Researchers on WHAP were not only interested in air pollution (what it is, how to measure it, and what the resulting data mean) but also crucially interested in the relationship between air pollution and human health (in what ways air pollution relates to other phenomena). It was due to the targeting of health in their aims and objectives that the project’s funding bid was successful, and health was the means by which they would ultimately demonstrate “impact.” As one senior modeler explained, “it is all very well making these beautiful plots but we want to know what it all means, how does it affect health?” It was the role of the epidemiologists to describe this link. Their specific focus was on the short-term effects of air pollution. Through the statistical exploration of air pollution data (modeled or monitored) with health data from the Office for National Statistics (mortality) and the Myocardial Ischaemia National Audit Project (MINAP 2 ; morbidity, specifically, heart and lung disease), correlations between “health events,” such as increased hospital admission for a heart attack or decreased lung function, with “air pollution events,” like high levels of ozone, could be made. The relationship between high air pollution episodes and changes in population health was used to understand patterns of environmental health and measures of risk for public health policy and intervention.
In order to study air pollution and health relations, it is necessary first to decide what data of air pollution to use. The first option proposed was monitored data, which instigated a series of attempts to find new, better kinds of data of air pollution. The modelers on WHAP generated modeled data, and this led to a series of comparisons of monitored and modeled data.
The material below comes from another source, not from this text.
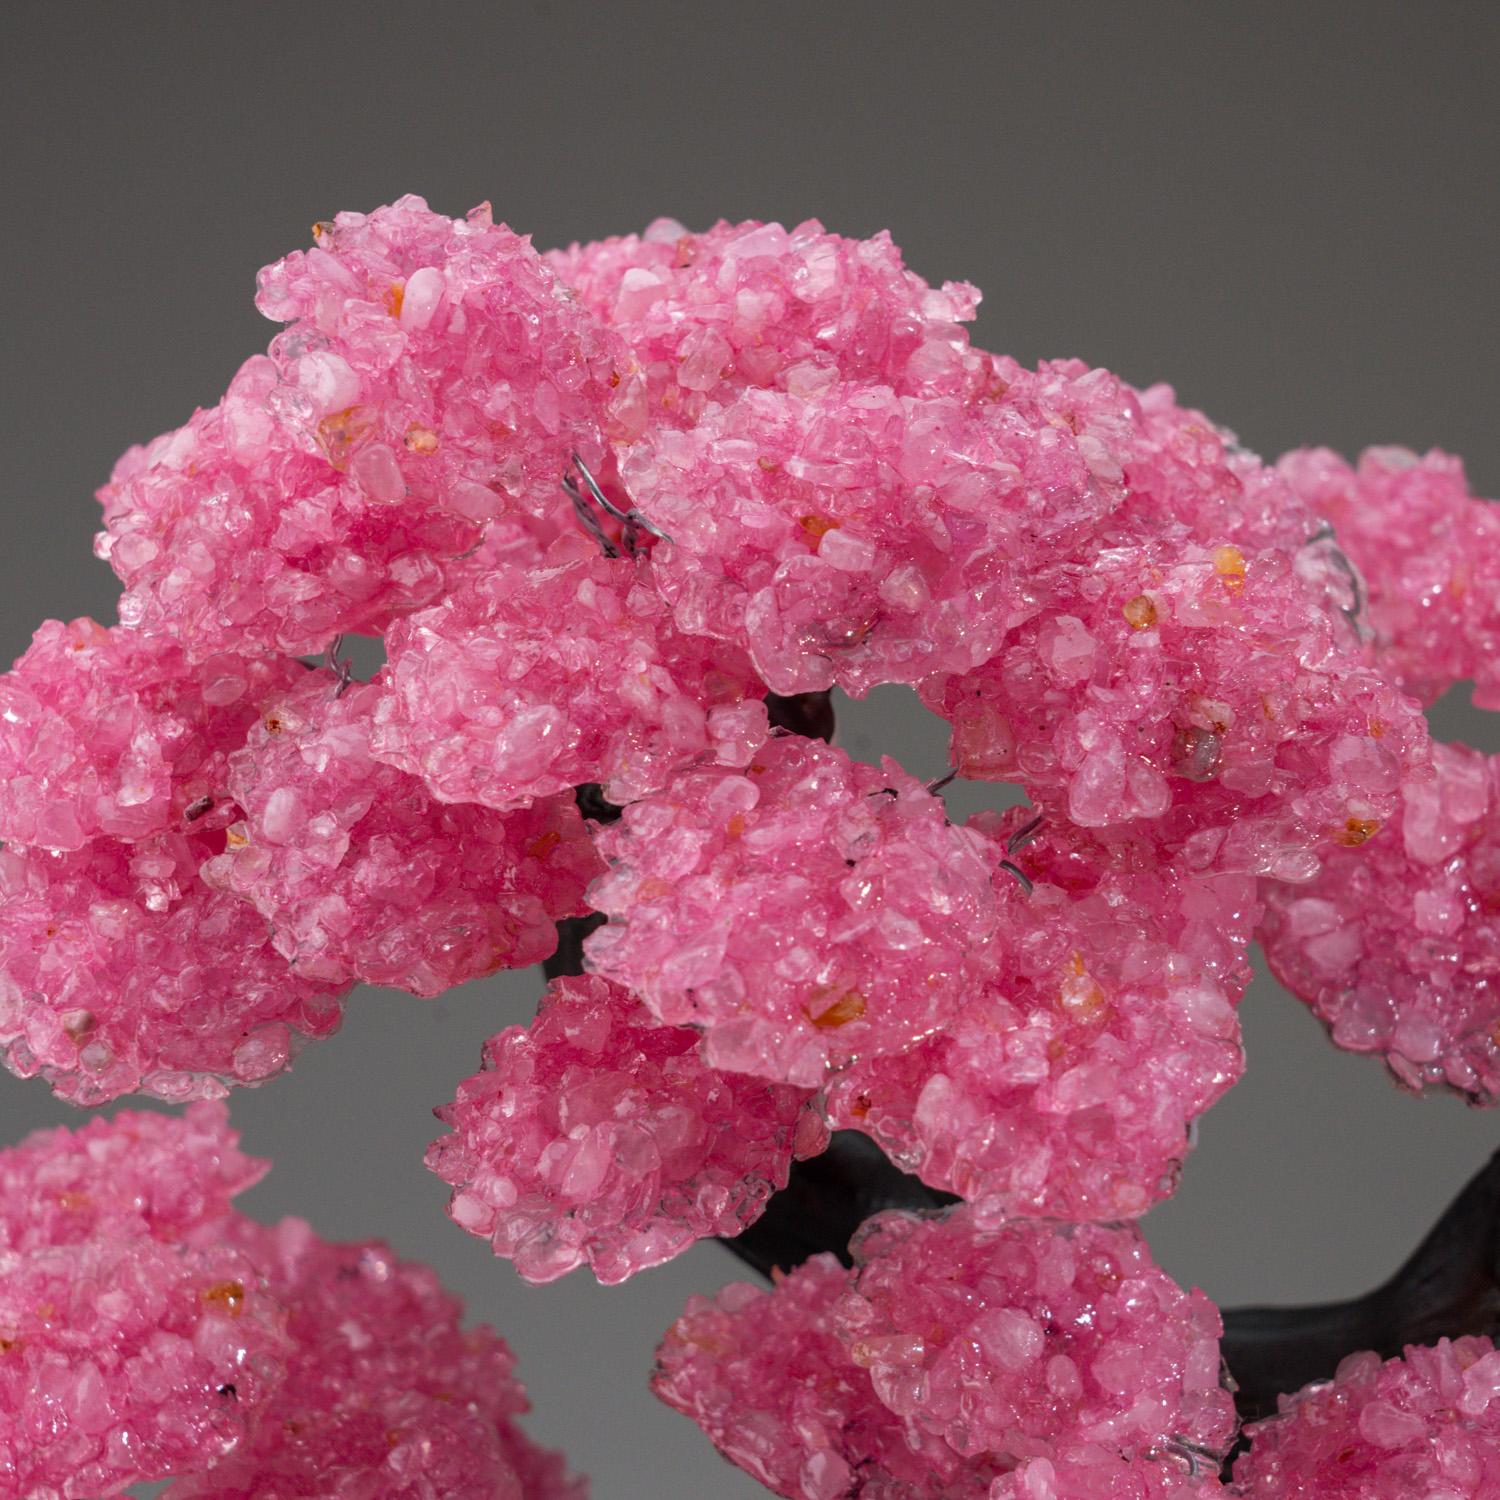 Uruguayan Custom Designed - Genuine Rose Quartz Clustered Gemstone Tree on Amethyst Matrix

The epidemiologists were keen to ensure the air pollution data were, first, enacting the right kind of air that people breathe (spatially) and, second, that these data were “empirical” and not “too mediated” by technologies and people. As already detailed, what counted as good air pollution data was different for the modelers, and these gaps and fissures were often described as types of “error” by researchers. Yet how good data were defined and error managed generated new encounters, queries, and material concerns and, as I will discuss below, through these processes air pollution emerged as an interdisciplinary phenomenon.
Monitored Data (the Extraction of Air Pollutants)
The epidemiologists began by explaining to the team the problem of using monitored data [referred to as measurements] in their analysis of the health effects of air pollution. One reason, they suggest, is that “we only have measurements in a limited number of grid squares.”
3
This is problematic because they are measuring the health effects across the whole of the UK. The second problem is that the modeled and monitored data “aren’t measuring quite the same thing,” “we are not going to have the gold standard” and “we are not comparing like for like and it is a struggle to try and address this”. (Field notes, Liaison meeting, April 2, 2012)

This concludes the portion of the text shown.